La difficulté quand une guerre est déclarée, c'est qu'il faut choisir son camp et que les nuances et la complexité ne trouvent plus de lieux pour s'exposer ou se discuter.

Les promoteurs et les adversaires du libre accès ont rarement évité la polémique simplificatrice. Pourtant du point de vue qui nous occupe ici, l'économie, tout n'est pas blanc ou noir, ni pour l'équilibre financier des revues en libre accès, ni pour l'attitude des chercheurs, ni pour le positionnement et le financement de dépots institutionnels dans les bibliothèques universitaires.

À Bruxelles même, certaines voies ont pointé les difficultés de la position d'éditeurs favorables au libre accès. Voici la traduction d'un extrait de compte rendu d'une table-ronde :

Bien qu'ils soient largement en faveur du libre accès, les éditeurs de la table ronde ont souligné que tirer une revue coute de l'argent et que, finalement, quelqu'un devait payer. "Nous sommes des éditeurs qui ne recherchons pas le profit, mais nous ne sommes pas pour autant pour les pertes !" Martin Blume, éditeur en chef du American Physical Society (APS). Aujourd'hui deux revues d'APS sur neuf sont en libre accès ; une est payée par le mécénat de gros laboratoires comme le CERN (European Organisation for Nuclear Research), tandis que l'autre s'appuie sur le système des "auteurs payant". Cependant les chercheurs qui publient dans les sept autres revues sont autorisés à déposer leurs articles dans les systèmes d'autoarchivage de leur institution.

Le British Medical Journal (BMJ) a été pendant quelques années complètement en libre accès, mais l'expérience a été arrêtée parce que la politique conduisait à une chute brutale des abonnements à la version papier. " Nous aimons l'idée du libre accès, mais nous nous sommes rendus compte que pour survivre nous devions fermer l'accès de notre site Web" a expliqué Alex Williamson, le directeur d'édition de BMJ.

Ils ont depuis une option où les auteurs peuvent payer pour rendre librement accessible leurs articles en ligne, mais moins de 2% d'auteurs la choisissent. M Williamson a souligné qu'environ la moitié des papiers reçus concernent des recherches non subventionnées ; ceci comprend des études de cas de praticiens généralistes ou des recherches sur des nouvelles techniques chirurgicales de groupes de chirurgiens. Obliger les auteurs à payer pour la publication découragerait la soumission de ces papiers pourtant intéressants, a noté M Williamson.

"Nous devons faire des expériences pour voir ce qui marche ou non", a conclu M.Williamson. "Nous avons essayé le libre accès ; cela n'a pas marché, alors nous sommes revenus en arrière".

Repéré par P Suber

Actu repérée par G. Chartron sur la liste RTP-DOC :

Cette fois de ce côté-ci de l'Atlantique et en réaction à une proposition faite au Congrès US de voter une loi obligeant la mise en ligne gratuite des articles scientifiques des recherches subventionnées sur fonds publics. Une fédération de 75 éditeurs non commerciaux proteste, non pas sur le principe du libre accès qu'elle soutient par ailleurs, mais sur celui d'une réglementation contraignante.

Extraits du communiqué :

“The scholarly publishing system is a delicate balance between the need to sustain journals financially and the goal of disseminating scientific knowledge as widely as possible. Publishers have voluntarily made more journal articles available free worldwide than at any time in history -- without government intervention,” noted Kathleen Case of the American Association for Cancer Research.

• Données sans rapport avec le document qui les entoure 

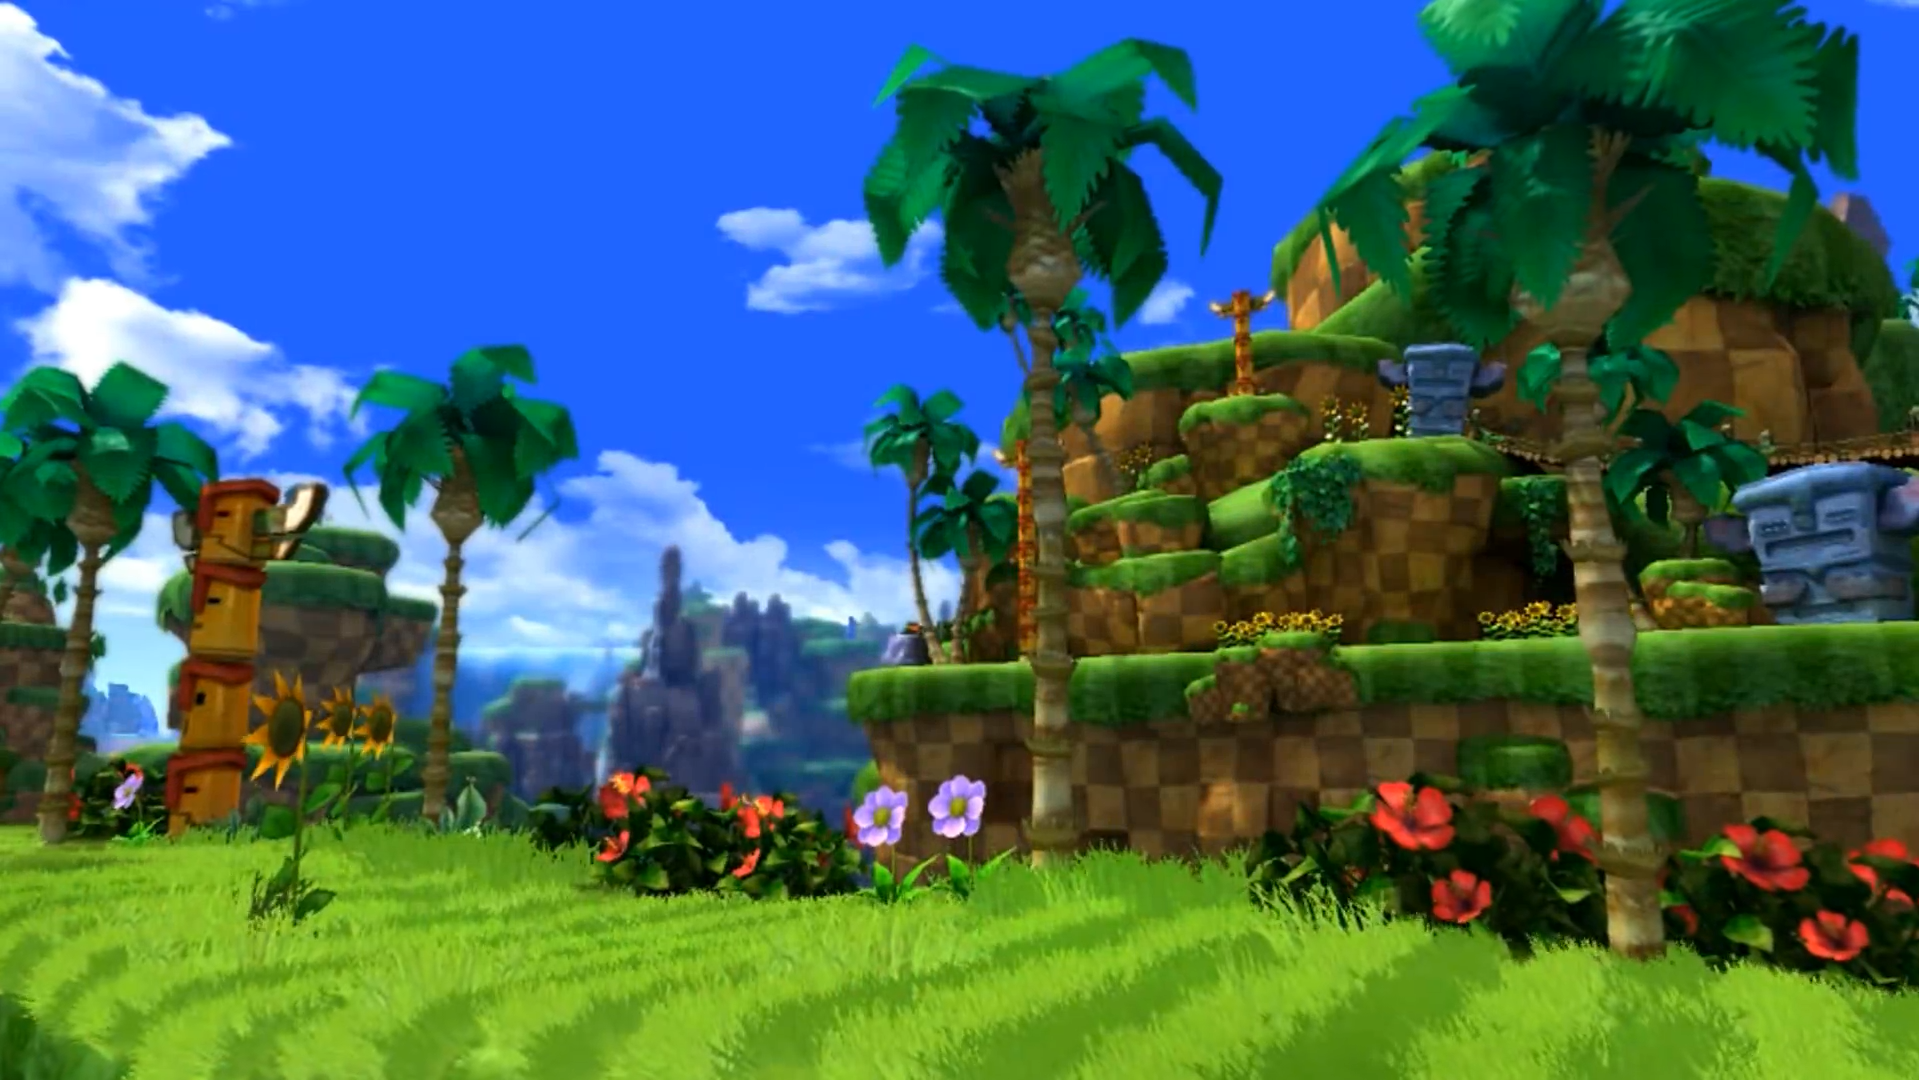 Sonic phiên bản cổ điển và Green Hill Zone đã trở thành biểu tượng cho thế hệ người chơi game. Hãy xem bức ảnh về Classic Sonic - Green Hill Zone để được hòa mình vào không khí của tuổi thơ và trở lại với những ký ức tuổi thơ.
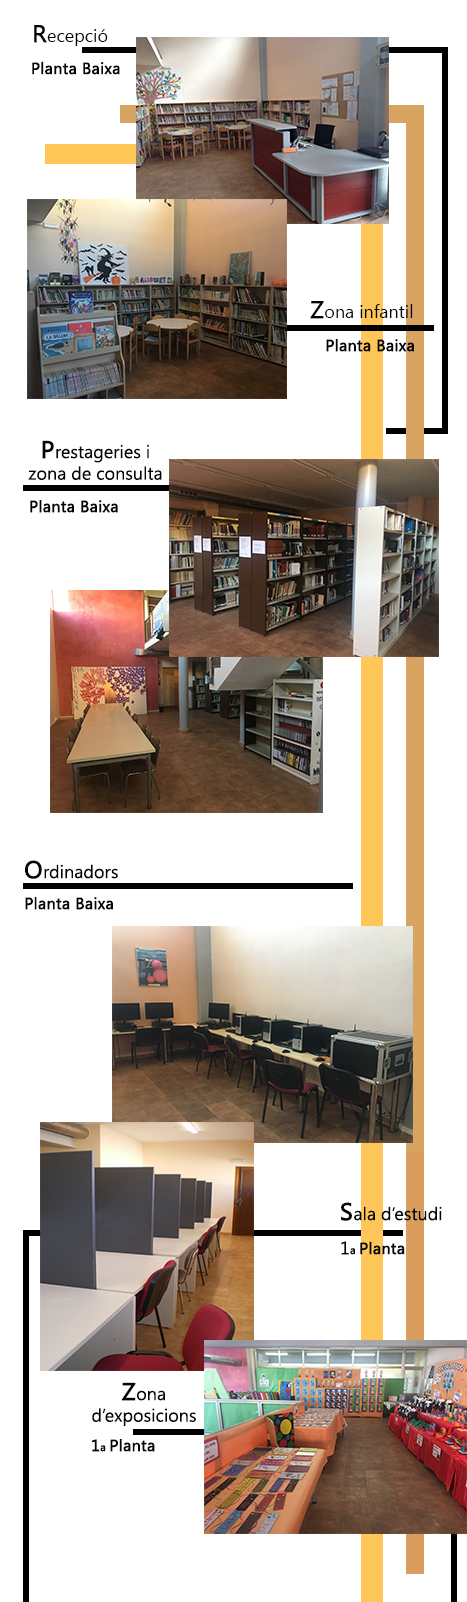 Biblioteca municipal de Faura

The Coalition expressed concern that a mandatory timetable for free access to all federally funded research could harm journals, scientists, and ultimately the public. Subscriptions to journals with a high percentage of federally funded research would decline rapidly. Subscription revenues support the quality control system known as peer review and also support the educational work of scientific societies that publish journals.

Undermining subscriptions would shift the cost of publication from the publisher who receives subscription revenue to the researcher who receives grants. Such a shift could:

  • Divert scarce dollars from research. Publishers now pay the cost of publication out of subscription revenue; if the authors have to pay, the funds will come from their research grants. Nonprofit journals without subscription revenue would have to rely on the authors’ grant funds to cover publication costs, which would divert funding from research.
  • Result in only well-funded scientists being able to publish their work. The ability to publish in scientific journals should be available equally to all.
  • Reduce the ability of journals to fund peer review. Most journals spend 40% or more of their revenue on quality control through the peer review system; without subscription income and with limitations on author fees, peer review would suffer
  • Harm those scientific societies that rely on income from journals to fund the professional development of scientists. Revenues from scholarly publications fund research, fellowships to junior scientists, continuing education, and mentoring programs to increase the number of women and under-represented groups in science, among many other activities.